**EXERCISE PROMPT**. Please retype the data below line for line and leave out every picture.

**DATA SHOWN**.
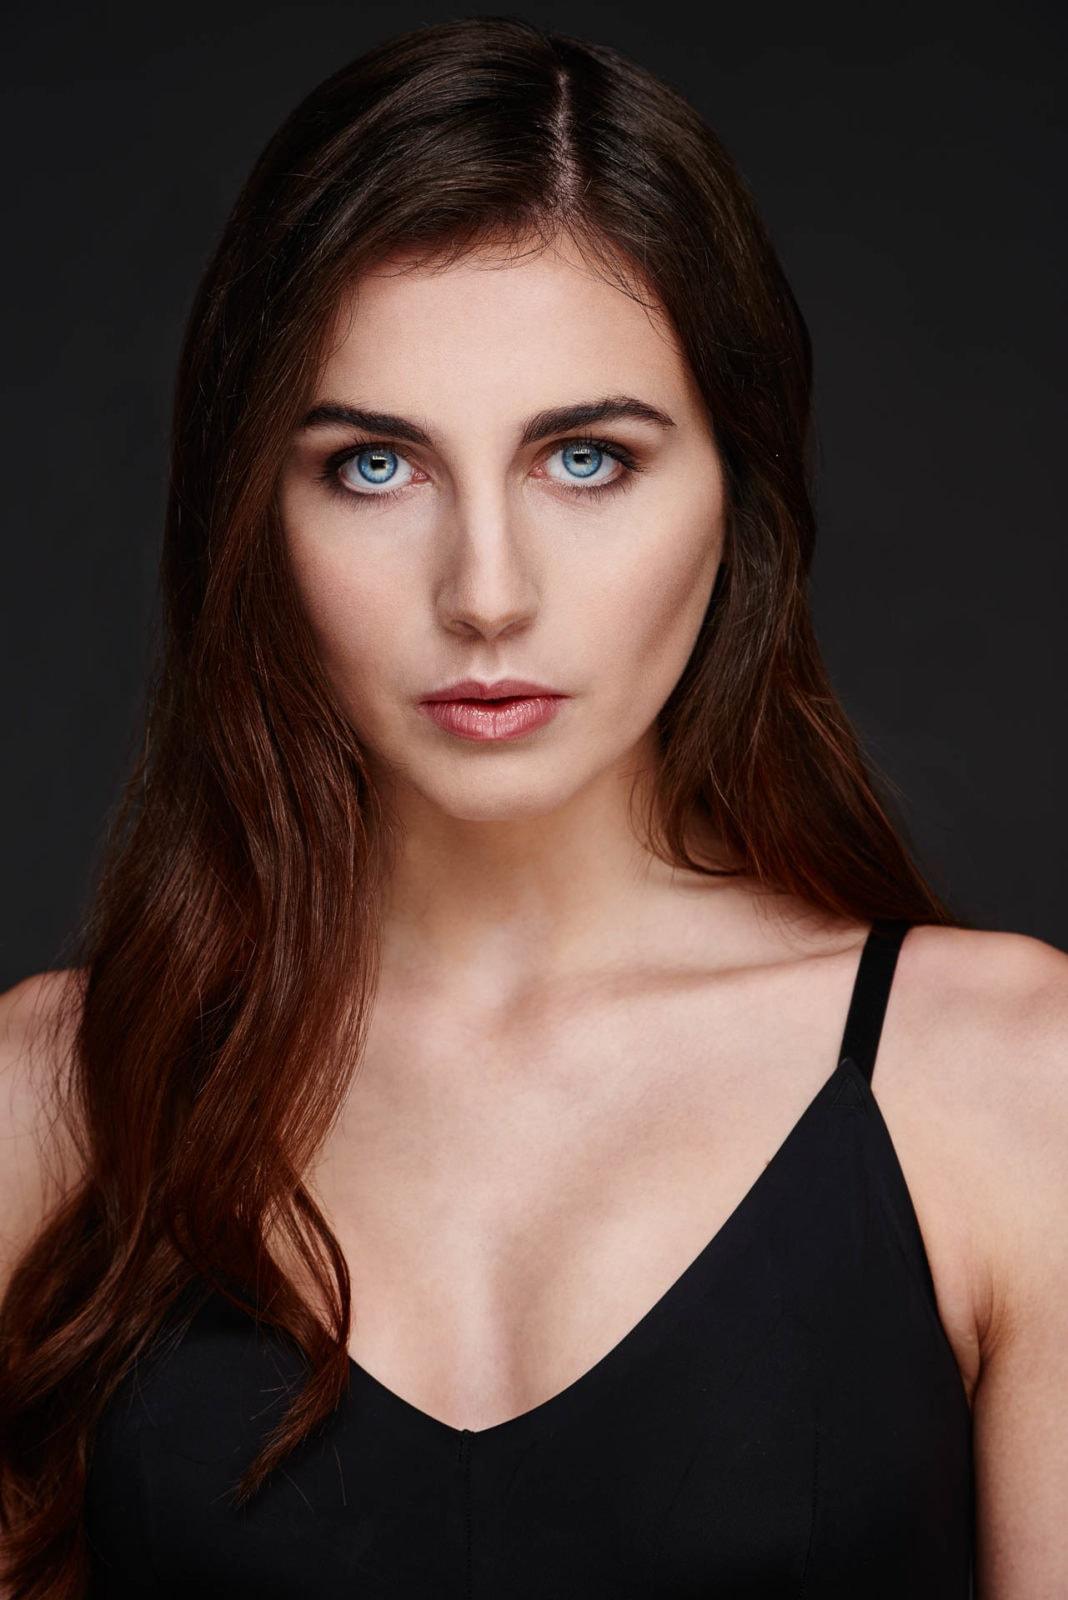 Werbefotograf Markus Mielek inszeniert das Model Marie für die Sedcard im Studio - eindringliches Portrait
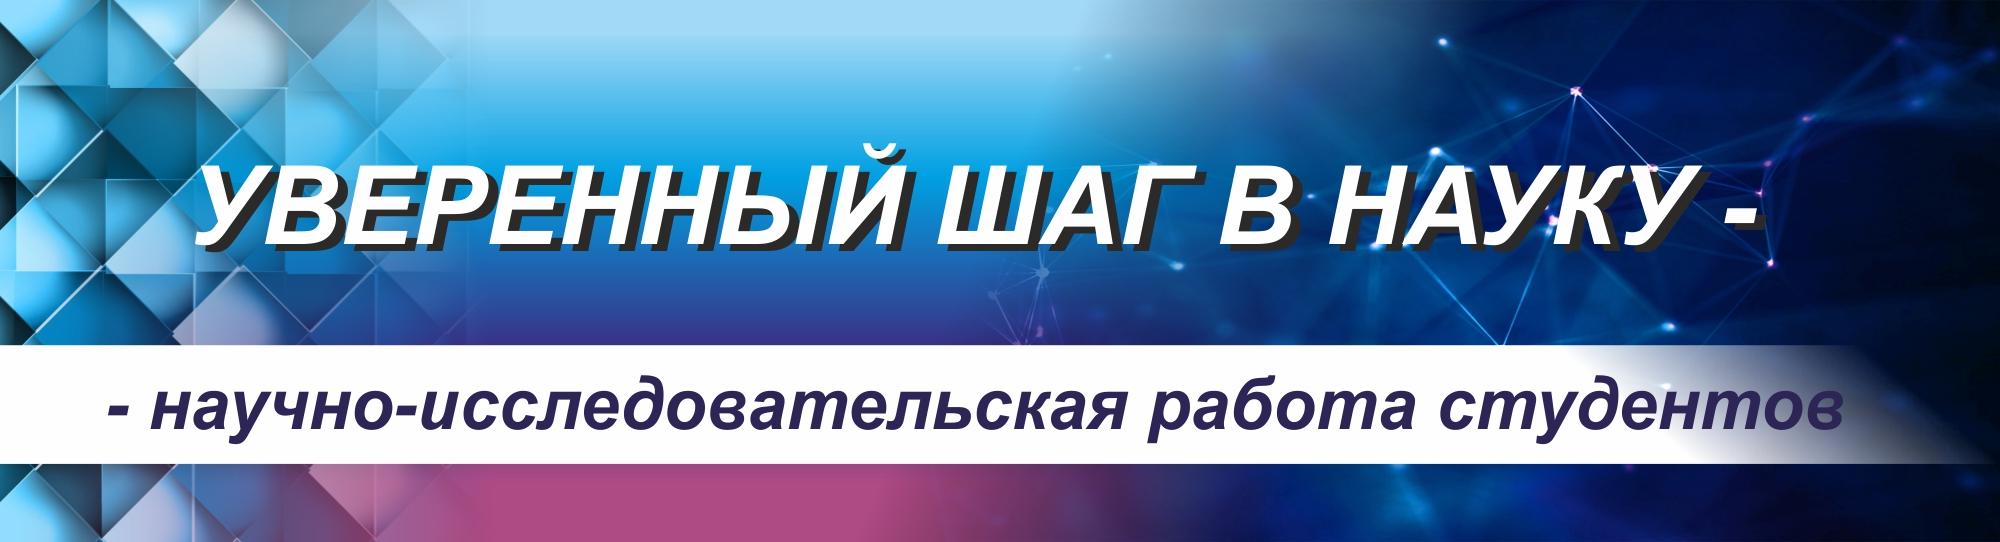 banner-anapa-1
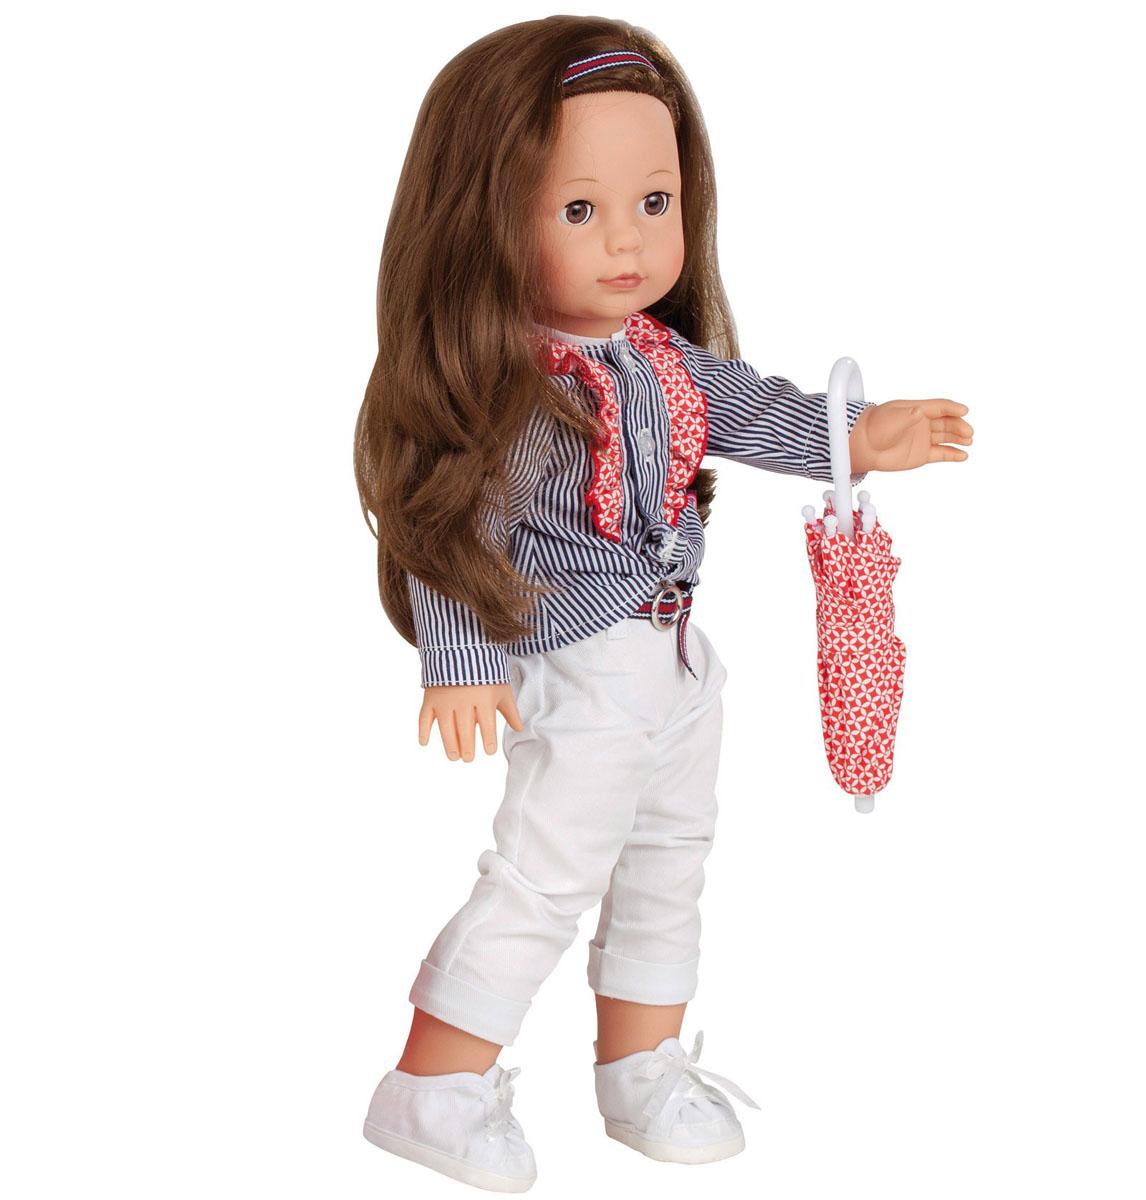 Gotz Кукла Елизавета1390351Очаровательная кукла Елизавета станет замечательным подарком для каждой девочки, а также опытных коллекционеров. С необычной куклой, которая так похожа на настоящую девочку, можно проводить много времени вместе, придумывая увлекательные сюжеты для игр. Кукла Gotz с виниловым подвижным телом подходит для активных игр дома и на улице. У игрушки темные, густые волосы, которые позволяют делать прически, расчесывать и мыть ей голову. Елизавета одета в стильный наряд, состоящий из пестрой рубашки с рюшами, белых брючек с поясом. На голове у нее - повязка в тон костюму, на ножках - белые кедики. В комплекте с куколкой есть красивый зонт-трость. Реалистичные черты лица и большие глазки с ресницами позволяют ребенку погрузиться в атмосферу игр по настоящему сценарию, повторять сюжеты из жизни и заботиться о маленькой девочке.

**FINISHED EXERCISE**.
 Werbefotograf Markus Mielek inszeniert das Model Marie für die Sedcard im Studio - eindringliches Portrait
 banner-anapa-1
 Gotz Кукла Елизавета1390351Очаровательная кукла Елизавета станет замечательным подарком для каждой девочки, а также опытных коллекционеров. С необычной куклой, которая так похожа на настоящую девочку, можно проводить много времени вместе, придумывая увлекательные сюжеты для игр. Кукла Gotz с виниловым подвижным телом подходит для активных игр дома и на улице. У игрушки темные, густые волосы, которые позволяют делать прически, расчесывать и мыть ей голову. Елизавета одета в стильный наряд, состоящий из пестрой рубашки с рюшами, белых брючек с поясом. На голове у нее - повязка в тон костюму, на ножках - белые кедики. В комплекте с куколкой есть красивый зонт-трость. Реалистичные черты лица и большие глазки с ресницами позволяют ребенку погрузиться в атмосферу игр по настоящему сценарию, повторять сюжеты из жизни и заботиться о маленькой девочке.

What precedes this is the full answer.